Monday 29 April 2013

Warts and All


Life is about choices. With knowledge and forethought any consequences from actions you take are mistakes you’ve chosen to make. In life people are always telling you what to do, what to wear, who to be. People stopped trying to change me when I turned twelve. This was the age I decided I couldn’t rely on anyone but myself. There’s no one in this world that you can truly depend on other than yourself, because fundamentally people will always let you down.

Independence is something that I have always valued in myself. Being dependent on someone can only lead to disappointment and heartbreak. I have built up walls around myself in order to protect everything that makes me, me. When I let my mum in, she walked out, or got drunk, or screamed at me and my sisters for things that weren’t our fault. I let my grandpa in…. well that’s a story I still can’t even tell people. I let friends in. Some walked away, some intentionally hurt me, Hailey died. Guys I trusted, well the two I’ve ever fallen in love with, one cheated with my best friend, the other knocked a girl up and cut me out of his life to appease her. You can’t trust anyone in this world because they leave, let you down, or hurt you. That’s just the way life is. Don’t get me wrong I’m not depressed or anything, I’m just a realist who believes in making her own happiness.

When things go wrong in my life I shut down. I don’t let people in because chances are they have about zero idea what it is that I’m going through. People constantly ask me about Hailey, but how could they really understand what’s going on inside my head on a day-by-day basis? And I’m not the only one feeling this way, we all are. Its like there’s a giant, gaping vortex inside my chest. It never really closes, constantly sucking every good thought or feeling away to the point where I am physically holding myself together to keep from breaking down. Most days I can keep it close to closed, but that’s just the good days. On the bad days nothing makes sense and I can’t hold it together. This is where people struggle to understand what it is to lose someone that you love. I am numb. Always numb. I don’t let people in because it hurts too much to lose someone and I know what I can take and what I cant. I’ve been pushed to my limit, gotten through it, but I can’t do it again. So when things go wrong for me this is my pattern. Shut down, ignore the world and try to come to terms with what ever is going on in my own time. This is my process. I don’t share because there is absolutely no chance of anyone understanding what’s going on with me. That is unless you knew Hailey. I wouldn’t wish what I go through on a daily basis on my worst enemy.
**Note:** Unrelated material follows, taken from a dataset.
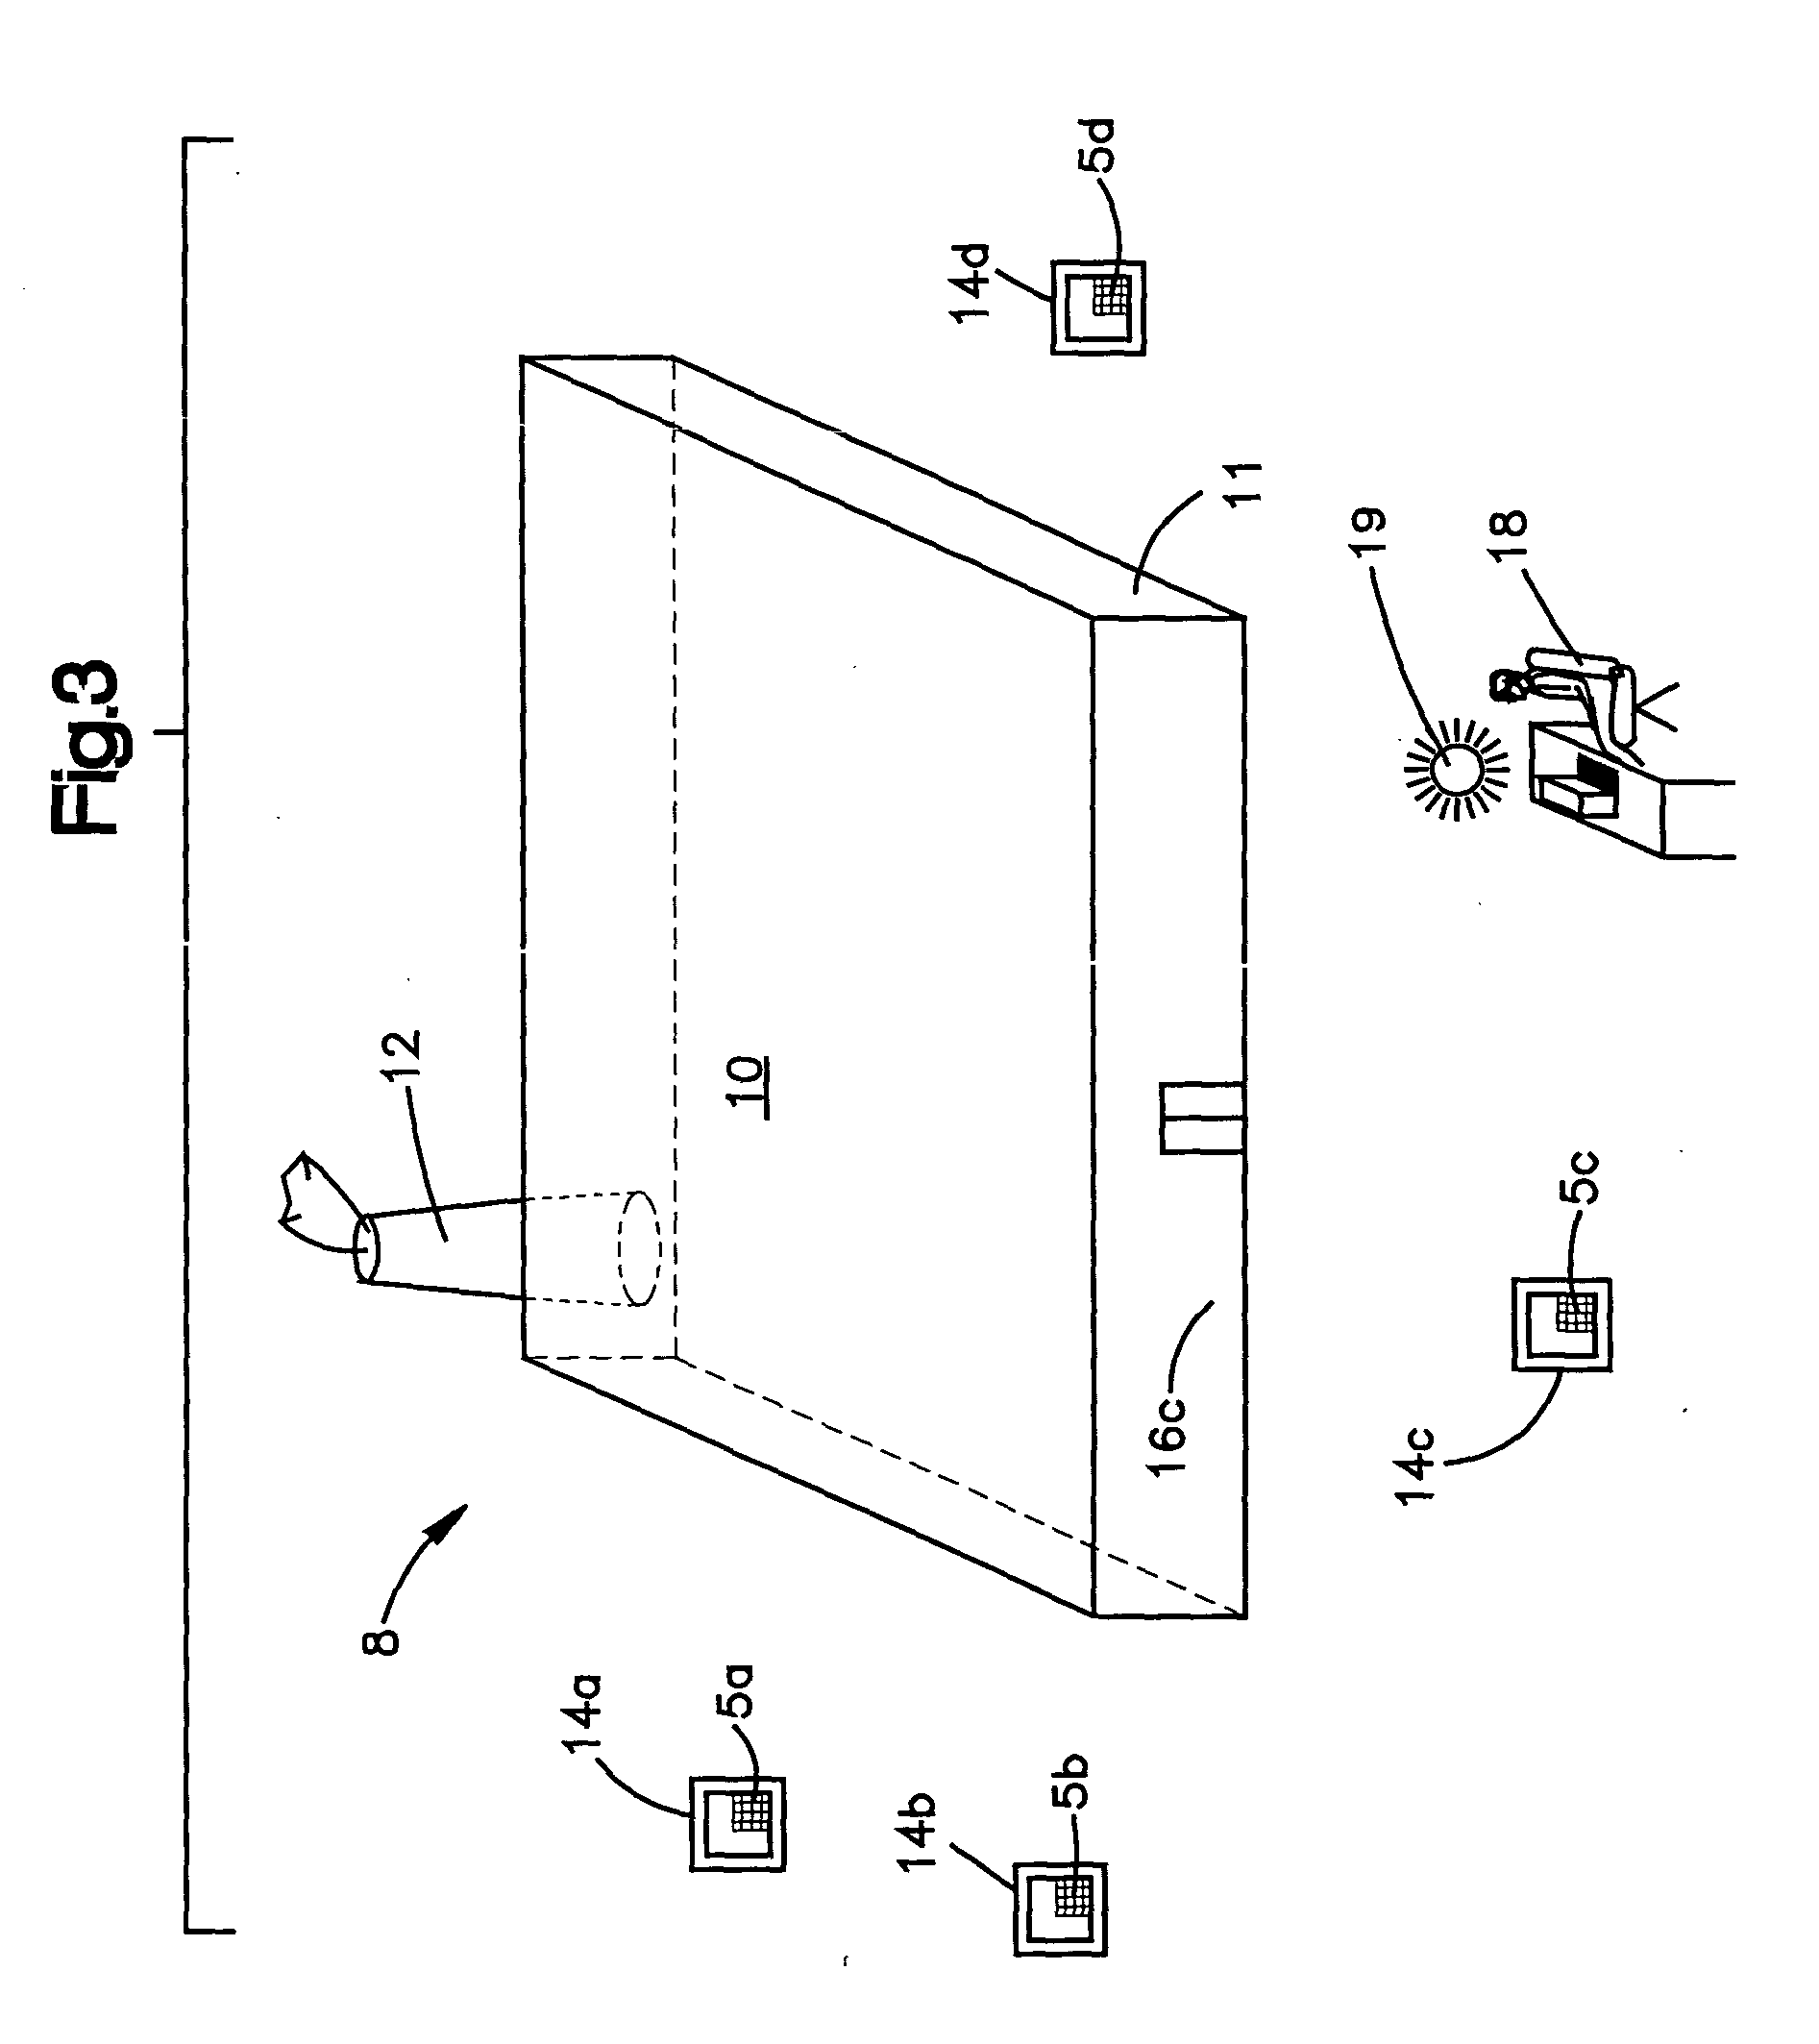 Apparatus and method for wireless gas monitoring

People may think that this is an unhealthy way to deal with emotions. It’s not healthy because its not how normal people deal with things. Well here’s a news flash for you all. I’m not normal. I never have been and I never will be. Using guilt trips and trying to force me to confide in you will only push me further away. Telling me that the way I deal with things is unhealthy will only make me angry. This is me. This is how I deal with everything. I don’t focus on the past, I hate rehashing every little part of an argument or bad thing that happens to me. I push it aside, learn from it, and then move on. I look to the future and stop living in the past. If you can’t handle this, if you think my outlook is wrong, that’s fine. That’s your opinion and you’re entitled to it. But I’m allowed to live my life the way I see fit. And if that clashes with your ideas of how I should live my life then this is where we part ways. I can live a happy and full life with the exact number of people I call friends right now. I can count my real friends on two hands. These people get me completely. They know when I’m angry I need at least three days to calm down before I can see logic or reason. They know that when I’m having a Hailey day to just let me be, or play "cha cha slide" and see if that cheers me up, if it doesn’t just back away and leave me be. These people know that the best way to cheer me up is to let me solve someone else’s problems, or to yell at me to get my bitch pants on and say screw the world. You might not like the way I live my life but its mine to live as I see fit. You might think I’m making mistakes but they are mine to make. How does anyone learn unless they are allowed to make a few mistakes in life?  So here’s my message to everyone out there trying to tell me what to do right now. Just stop. You’re only making the situation worse and frankly you’re making me question why I was even friends with you in the first place.  Just give me space to deal with my life, as you so correctly and rudely pointed out, I’m kind of a mess right now. But I don’t need you trying to help me. I’m perfectly fine on my own. So shut up and keep your opinions about my life to yourself. You don’t see me telling you how to live.

I’m happy, as happy as I can be, but you meddling in my life only makes me angry and resentful. So just stop. Please. This is me, warts and all, and I’m not going to change for anyone.